The following is synthetic data.

|ID `.load(ID)`|Description|
|:--|:--|
|'troy-1bw-train'|Synthetic data based on the One Billion Words Benchmark for distillation [[Tarnavskyi,+ 2022]](https://aclanthology.org/2022.acl-long.266/).|
|'troy-1bw-dev'|Another split of the synthetic data based on the One Billion Words Benchmark for distillation [[Tarnavskyi,+ 2022]](https://aclanthology.org/2022.acl-long.266/).|
|'troy-blogs-train'|Synthetic data based on the Blog Authorship Corpus for distillation [[Tarnavskyi,+ 2022]](https://aclanthology.org/2022.acl-long.266/).|
|'troy-blogs-dev'|Another split of the synthetic data based on the Blog Authorship Corpus for distillation [[Tarnavskyi,+ 2022]](https://aclanthology.org/2022.acl-long.266/).|
|'pie-synthetic-a1'|Synthetic data based on the One Billion Words Benchmark [[Awasthi+ 19]](https://aclanthology.org/D19-1435/).

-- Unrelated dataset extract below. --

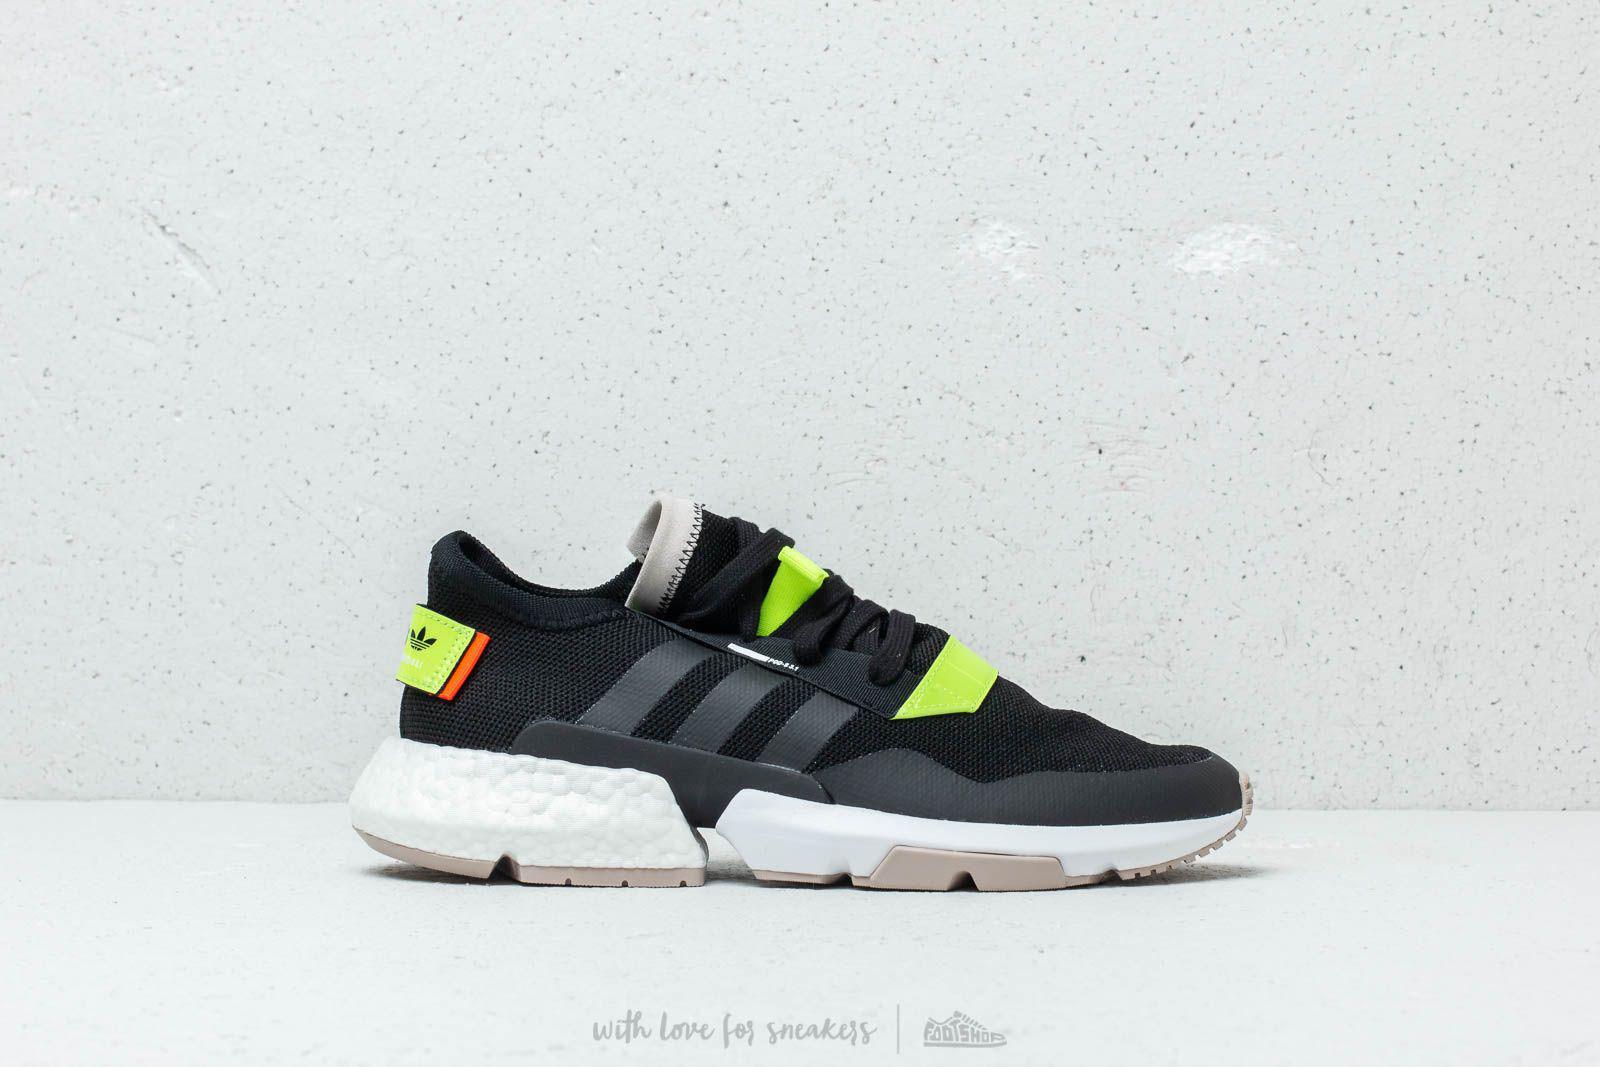 reputable site d609b c073f Lyst - adidas Originals Adidas Pod-s3.1 Core Black Solar Yel

You can also specify `a2`, `a3`, `a4`, and `a5`. [This attachment](https://aclanthology.org/attachments/D19-1435.Attachment.pdf) describes how to make synthetic errors.|

### Non-public datasets

|ID `.load(ID)`|Description|
|:--|:--|
|'nucle-train'|NUCLE training set. [[Dahlmeier+ 2013]](https://aclanthology.org/W13-1703/)|
|'lang8-train'|Lang-8 training set. [[Mizumoto+ 2012]](https://aclanthology.org/C12-2084/) [[Tajiri+ 2012]](https://aclanthology.org/P12-2039/)|

### nucle-train

- Request data from [HERE](https://www.cl.cam.ac.uk/research/nl/bea2019st/).
- You will receive an email with release3.3.tar.bz2 attached.
- `mkdir <base_path>/nucle/` and put the data as ` <base_path>/nucle/release3.3.tar.bz2`.
- You can now use the data with `.load("nucle-train")`. The data will be extracted automatically.

### lang8-train

- Request data from [HERE](https://www.cl.cam.ac.uk/research/nl/bea2019st/).
- You will receive an email titled "[NAIST Lang-8 Corpus of Learner English for the 14th BEA Shared Task]".
- `mkdir <base_path>/lang8/` and put the data as `<base_path>/lang8/lang8.bea19.tar.gz`.
- You can now use the data with `.load("lang8-train")`. The data will be extracted automatically.